A l’occasion de la sortie de son dernier livre Espionnes : doubles vies sous haute tension paru aux éditions Flammarion, Dalila Kerchouche témoigne de son expérience au sein des services secrets français ; au cœur d’un récit romanesque, la réalité de quelques femmes est mise en lumière… En conférence à l’Ecole Supérieure de Journalisme, elle se livre, sans secrets.
Elle a rencontré les femmes de l’ombre. Dalila Kerchouche, journaliste à Madame Figaro, nous livre le récit de son enquête menée au cœur des services secrets français. Une mission délicate au lendemain des attentats de Charlie Hebdo, des rencontres mystérieuses, mais une expérience unique et fascinante. Elle met ainsi en lumière la vie de quelques femmes plongées dans un milieu confiné : la DGSE. Dalila Kerchouche, fille de harkis, a une sensibilité particulière pour les histoires vouées au silence. Dès lors, elle se promet d’en parler à travers le journalisme.
Elle choisit de forcer le destin en se faisant d’abord embaucher à l’Express auprès de Marcel Gonin, le rédacteur en chef de l’époque. Elle y rencontre de nombreux journalistes d’investigation, des enquêteurs… une élite qui lui semble alors inaccessible, mais qu’elle ne tardera pas à rejoindre. Dis ans plus tard, elle rejoint Madame Figaro au service société. Elle se laisse fasciner par les missions de terrain et la diversité de reportages. Elle garde ainsi sa curiosité de journaliste intacte.
Investigation au cœur des services secrets
Elle attrape le sujet en plein vol. Sa directrice de rédaction ne s’attendait pas à un tel enthousiasme, surtout venant d’une journaliste qui ne connaît rien aux administrations secrètes. Mais Dalila Kerchouche tient bon s’appuie sur l’un de ses contacts au sein des services de renseignement. Quinze jours plus tard, la DGSE lui accorde une réponse favorable. Il lui faudra cependant passer par quelques négociations avant d’obtenir l’accord définitif et les conditions nécessaires au bon déroulement de son enquête.
Face à l’unique condition de l’anonymat, Dalila Kerchouche exige pouvoir rencontrer chaque femme pendant une heure, c’est-à-dire huit fois plus de temps que ce qui lui était proposé à l’origine. « Quand une brèche s’ouvre, dit-elle, on met le pied, puis le bras, et on essaye d’élargir un maximum ». La journaliste ne se contentera pas du minimum et finira par persuader la DGSE : « Pour sortir des stéréotypes, des clichés, il faut du temps ».

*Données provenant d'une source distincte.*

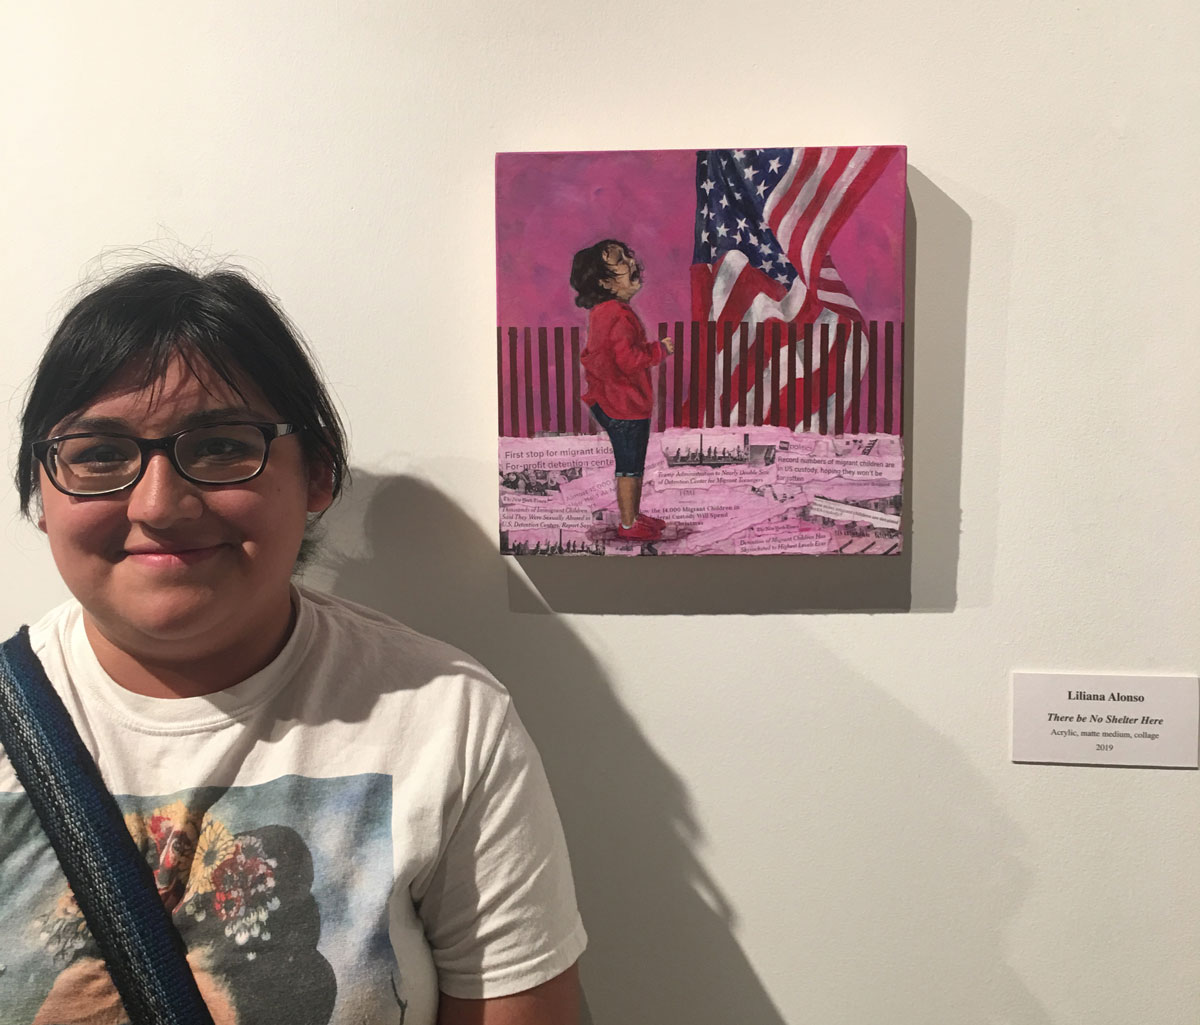 PHOTO: Liliana Alonso, art and design alumnae, won the competition with her mixed-media painting "There be No Shelter Here." Photo by The Signal Online Editor Alyssa Shotwell.

Dalila Kerchouche se retrouve alors face à des professionnels du mensonge et de la manipulation, des femmes « cadenacées par le secret défense ». La tâche est rude : comment faire parler des femmes dont le métier est de ne rien dire ? Rien n’arrête cependant la journaliste qui compte bien arracher la femme à l’espionne. Elle parvient à créer un lien et à endormir leur méfiance en déviant les sujets professionnellement sensibles vers des sujets plus personnels. Les larmes ne tardent pas à couler, délivrant ainsi l’authenticité de ces femmes vouées au secret. A force de patience et de réconfort, Dalila Kerchouche entre dans l’intimité de chacune d’entre elles. Loin des stéréotypes, loin des idées reçues, elle découvre la sensibilité cachée de femmes ordinaires. Elle parvient à leur faire perdre la notion du temps pour en gagner et obtient de véritables confidences, de femme à femme, de mère à mère.
Elles évoquent d’emblée le machisme de ce milieu naturellement masculin. Même si les femmes représentent aujourd’hui 25% des recrues des services secrets français, elles demeurent victimes d’un sexisme persistant, leur refusant ainsi certains postes. « Les agents secrets sont des commères comme les autres ». Malgré des coups bas, des carrières freinées, ces femmes font partie de l’élite des services secrets. Anciennes policières, militaires… elles sont avant tout filles, mères et épouses. Une anecdote nous renseigne sur le protocole de la DGSE : lorsqu’un agent secret tombe amoureux, une enquête est menée sur l’identité de l’individu. Digne d’un polard, et pourtant, ce qui se révèle au fil des lignes n’a rien d’un film.
Dalila Kerchouche intervient enfin auprès de la DGSI où elle rencontre une nouvelle fois des femmes au destin unique et surprenant. Après la parution de son reportage, cinq maisons d’édition la contactent. Confiance acquise, le travail se poursuit donc avec la DGSE. Après la parution du livre, elle reçoit la gratitude des femmes dont le témoignage reste dorénavant encré dans les mémoires.